A stranger in this town

At the height of the cholera epidemic, a foiled Republican plot for independence leads to mob violence.

Strangers are the enemy in every story of Sicilian revolution. This is because the Sicilian story is one of constant invasion and foreign control. In 1282, during the Sicilian Vespers, anyone who looked or sounded French was killed. The shibboleth was “cece,” the local word for a common food staple, the chickpea. If a stranger could not pronounce the word, he was killed as a foreign invader.

The same fear of outsiders aroused by the Sicilian Vespers was inflamed by the cholera epidemic of 1837. In “The Betrothed,” (called “the most widely read work in the Italian language”) one of the lovers, Renzo Tramaglino, is taken for an “anointer” because he looks like a foreigner. An anointer was someone who, according to the rumor, was sent as an agent of the king, to poison the Sicilian populace with cholera. The story fueled an insurrection, which was violently suppressed by the Bourbon King Ferdinand II.

Early in the 19th century, laws regarding debt, land ownership, and the rights of leaseholders had oriented the agricultural marketplace toward short term gains that enriched an already ascendant class of gabelloti. In 1789 and 1820, estate managers had taken advantage of reforms to grab land and reinforce their power over landowners and the peasantry alike. Denis Mack Smith writes in his history of Sicily, “All the ingredients of the mafia were present [by 1831] except the word itself.”
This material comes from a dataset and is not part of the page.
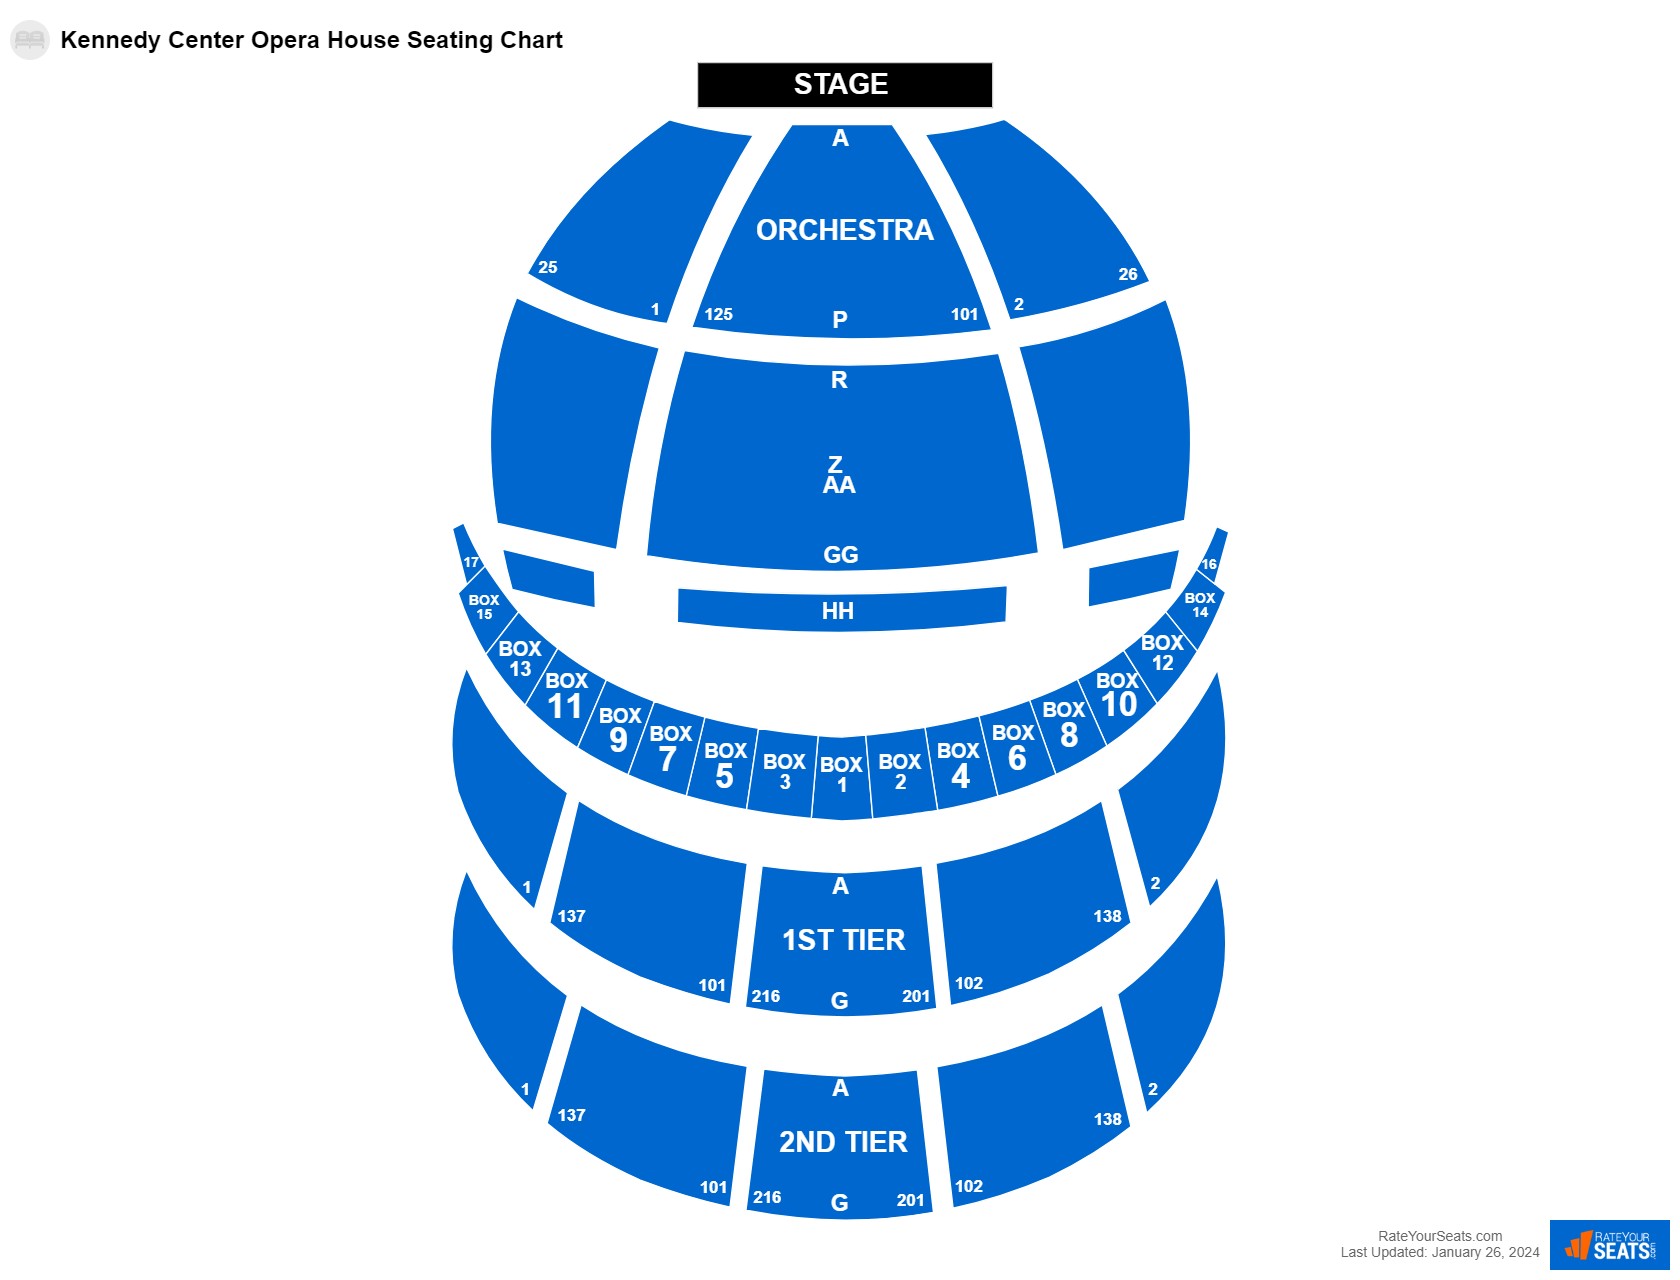 Concert seating chart at Kennedy Center Opera House

In 1837 in Sicily, a liberal movement for independence from the Bourbon king was spreading among educated nobles like the Bentivegna family of Corleone, guildsmen, dissident groups including the Carbonari and Freemasons, and criminals, the latter of whom learned of the political movement in prison. The revolutionary leaders of 1848 and 1860, Francesco Bentivegna and Giuseppe Garibaldi, were both Republicans. In the year of Bentivegna’s revolt, 1848, there would be another outbreak of cholera, and again in 1867, but in 1837, when Francesco Bentivegna was seventeen years old, a third of his town fell ill, and half of those people died. That was the year he became a believer in Republicanism.

“Colera,” in Italian as well as in Spanish, has two meanings: the deadly disease caused by various strains of Vibrio cholerae, and emotional passion, which people once believed was caused by an excess of bile. In the novel, Love in the Time of Cholera, Gabriel García Márquez uses the word’s double meaning to warn against the dangers of an excess of passion.
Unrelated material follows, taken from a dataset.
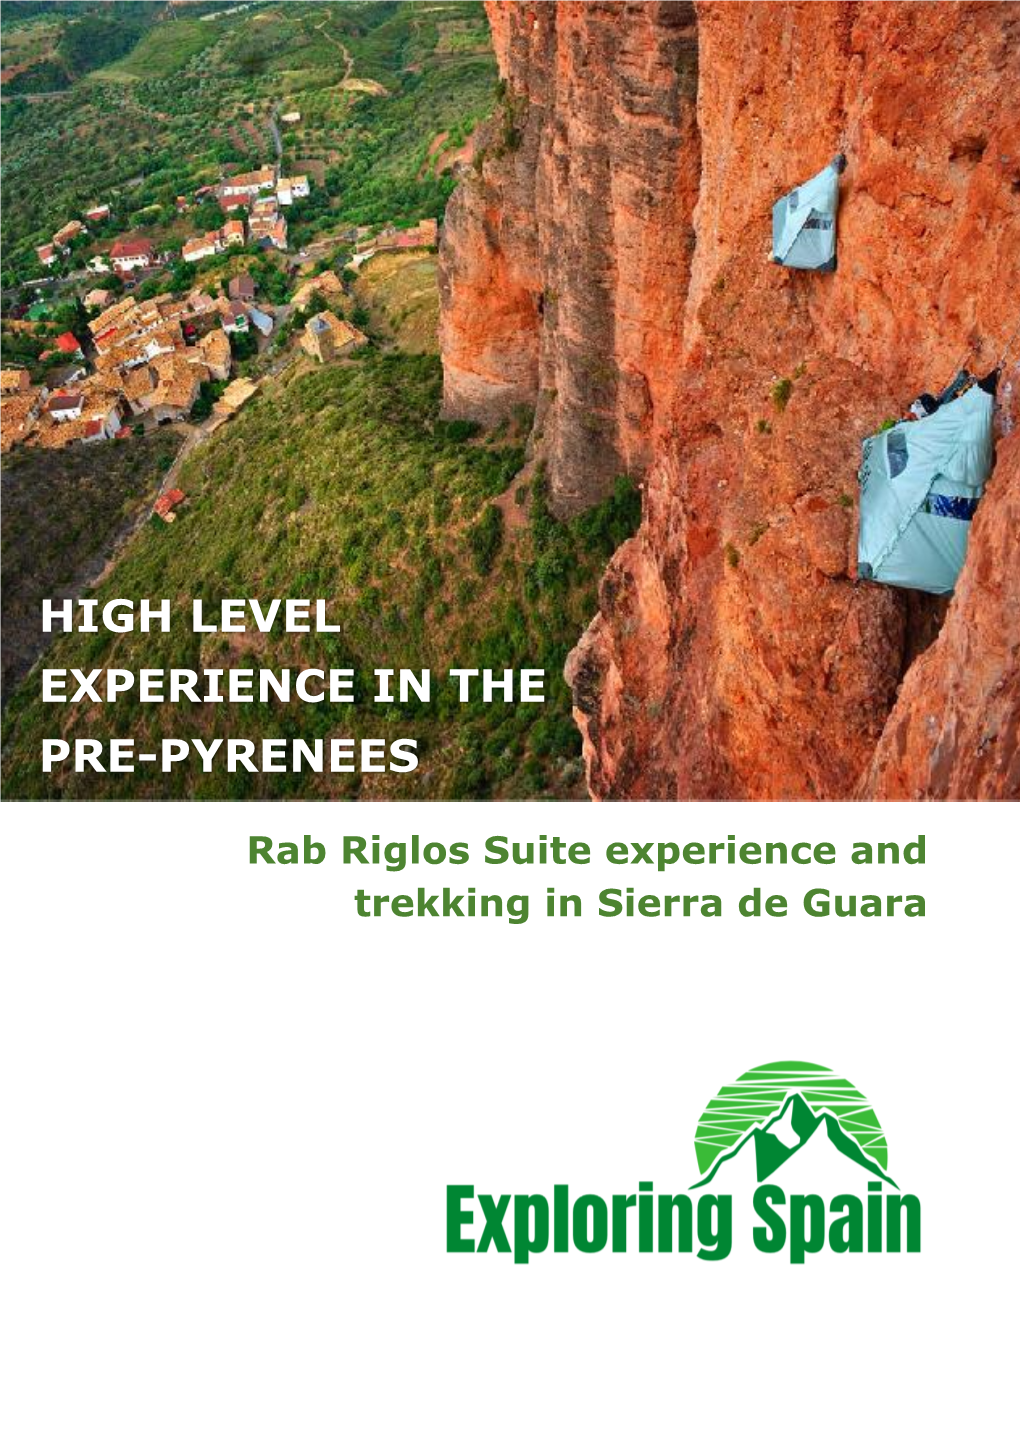 High Level Experience in the Pre-Pyrenees

In the days when health was still a matter of balancing the bodily humors, cholera morbus was a catchall term for any kind of stomach flu. “Morbus” sounds worse in English than its meaning in Latin, which is simply “disease” or “ailment.” “Cholera” is derived from the Greek khole which means “illness from bile.”

“Asiatic cholera,” which is what we recognize today as the deadly disease, cholera, caused by various strains of Vibrio cholerae, used to be thought of as merely a more aggravated form of  cholera morbus. Before it spread to western Europe, Asiatic cholera was endemic to India, and spread through shipping ports. It was seen in England as early as the mid 17th century. It’s possible it was seen in Sicily before 1837, but this was the first time the disease spread to such devastating effect.
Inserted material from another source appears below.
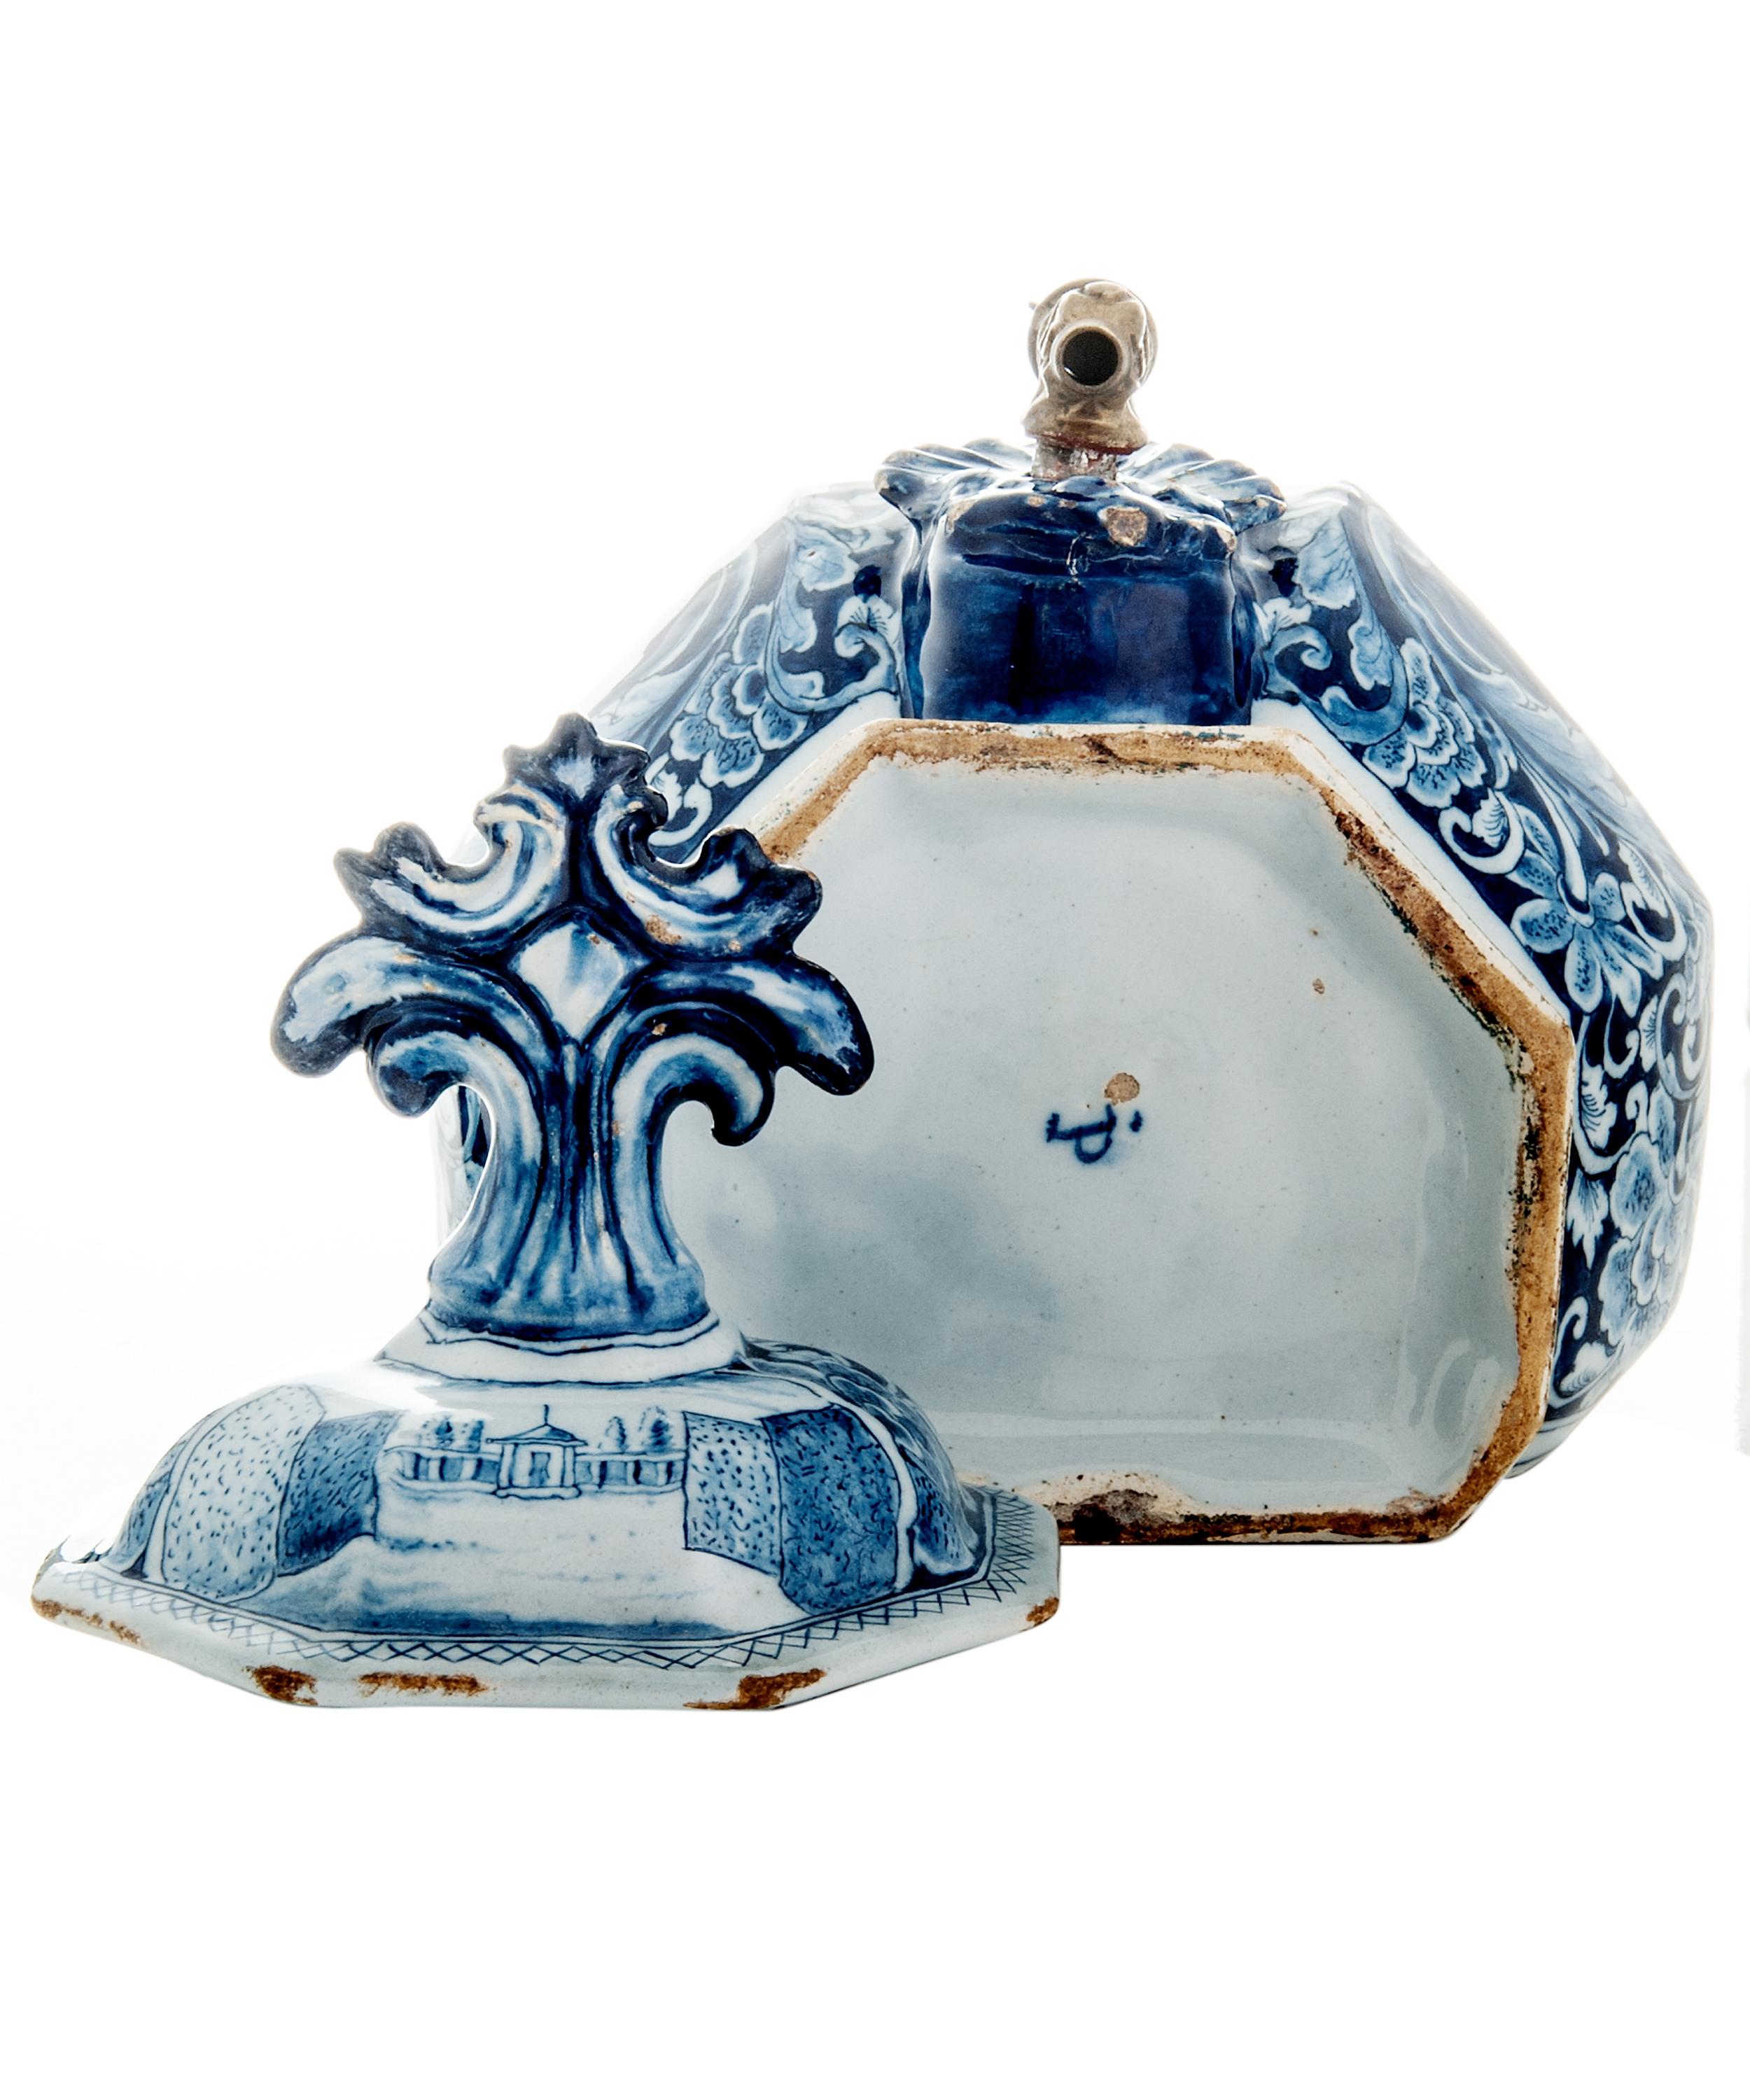 Wall-Fountain in Bleu and White Dutch Delft In Excellent Condition For Sale In Amsterdam, NL

Patients infected with cholera died from a rapid depletion of bodily fluids, and as their bodies broke down, they exhibited the symptoms first of dehydration, and then of oxygen deficiency, which made their extremities cold and blue. At first, cholera victims thrashed and screamed, and their muscles spasmed. The disease was presumed to be spread by bad air, not contaminated water. Treatments included bloodletting, opiates, and mercury.

Within just a day in most cases, patients were exhausted and unresponsive. It was an agonizing death, and terrifying to behold. American medical records of the time reported bodies that twitched for hours after expiration. In a later cholera epidemic in Sicily, in 1888, the British Consul at Palermo reported that the people there had lived for some months in a state of “savage panic.”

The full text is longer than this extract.